You can contact us at   408-727-6342,ext 3 or use our online form.


RSA 2013

March 1, 2013

We just attended the RSA Conference 2013 in San Francisco.  The conference presented a vast array of products and technologies to defend systems.

We think the most important security information did not come from the RSA Conference — it came from Mandiant.

mandiant 100 percent

Mandiant’s groundbreaking report APT1 – Exposing One of China’s Cyberespionage Units provides a case study of the process we have termed Chasing What’s Already Gone – the cycle of:

  1. spearphishing attack
  2. unique exploit installation
  3. surreptitious command & control
  4. discovery
  5. remediation
  6. repeat

How did the bad guys respond to the Mandiant report?  They used the report itself as spearphishing bait to deliver exploits!

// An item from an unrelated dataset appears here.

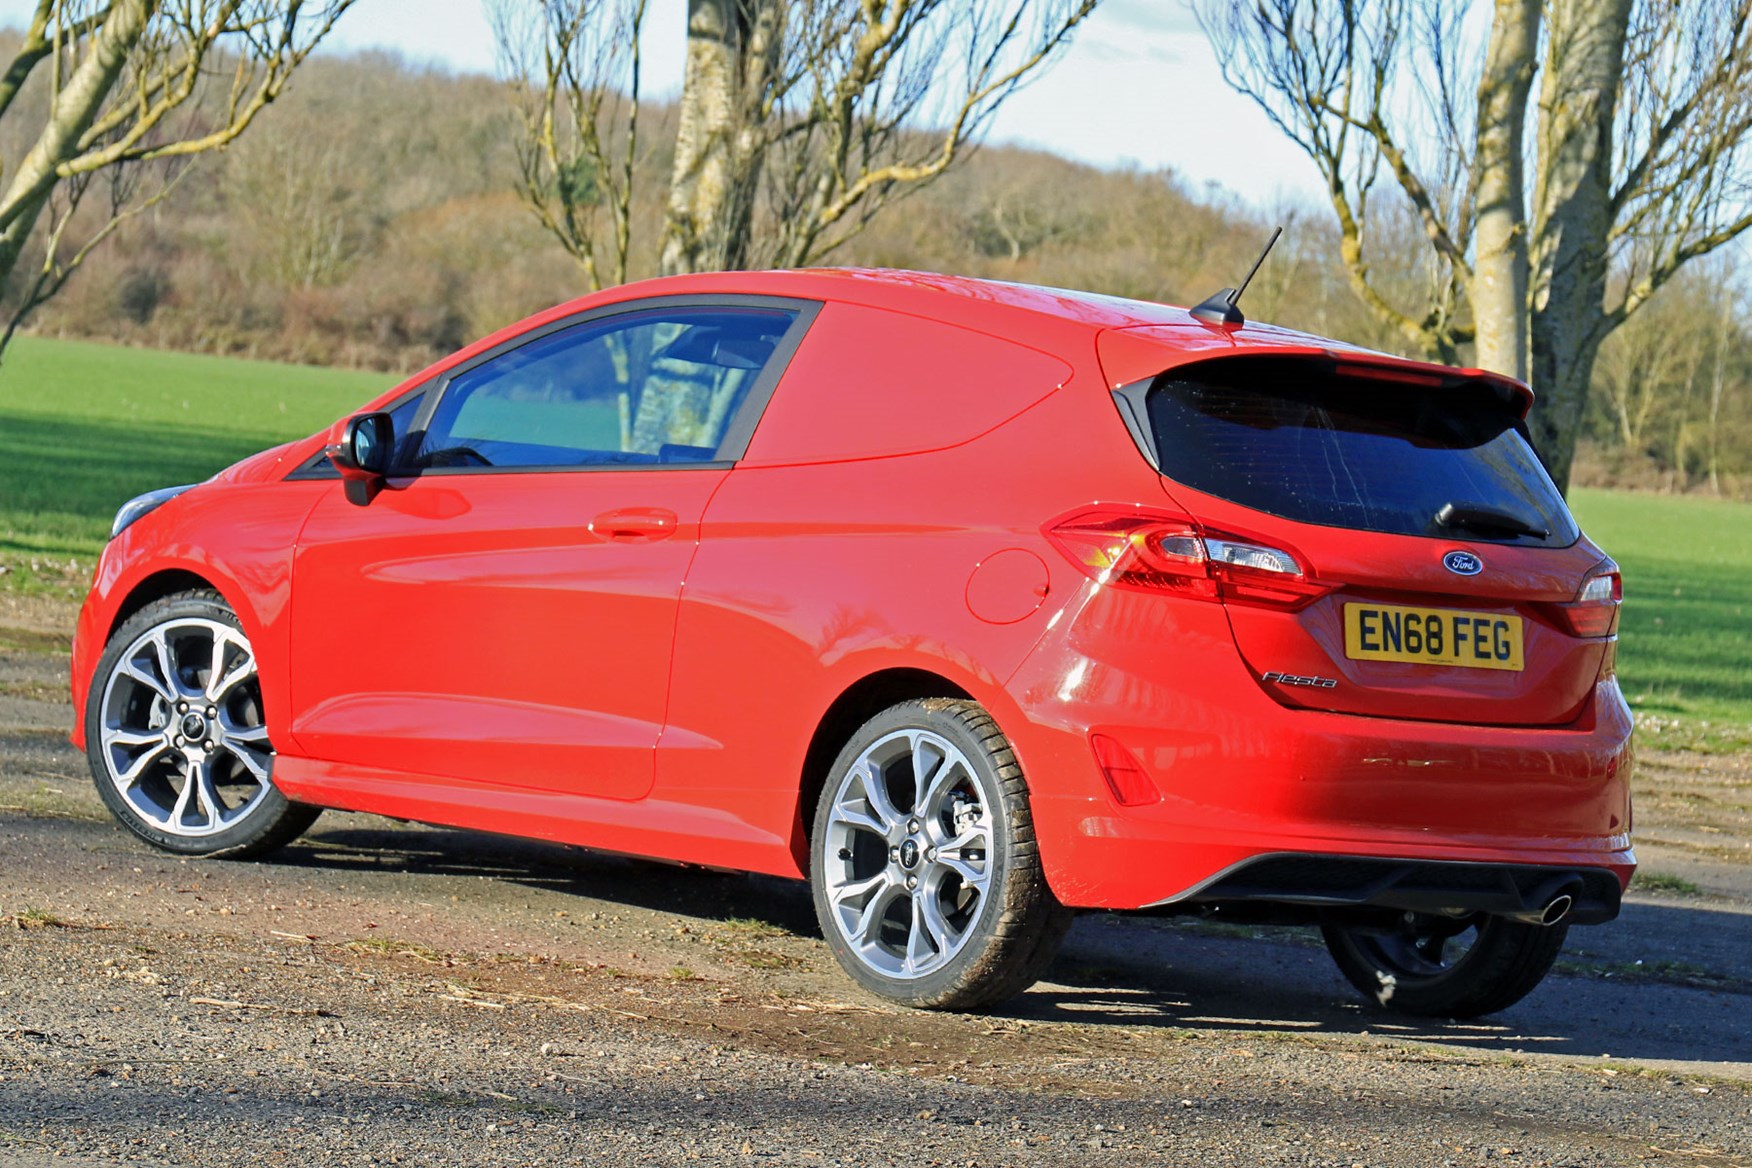 Ford Fiesta Sport Van review - rear view, red

A small number of well crafted emails will be delivered.  These emails will be specifically written to deceive the recipient into taking an action (most often open an attachment).  These emails will exploit the three factors that drive email interactions:

  • relevance
  • urgency clues
  • recipient habits

As Mandiant makes clear, email weapons are cleverly crafted so that they are NOT suspicious.  The integrity of your systems depends upon the decisions of staff in the face of clever and persistent deception.  Telling employees not to open suspicious attachments, while sound advice, is unhelpful in the face of deceptive emails that are not  suspicious. While all spearphishing emails are deceptive, all deceptive emails are not suspicious.  Avoiding suspicion is the job of the spearphisher.

Employees’ email decisions compromise security.  IT needs to help employees make better email processing decisions.  That is where SP Guard comes into play.  Using SP Guard, IT can determine a list of trusted senders and provide this information to staff.  In the SP Guard environment, staff can easily distinguish a trusted HR email from a spoof HR email.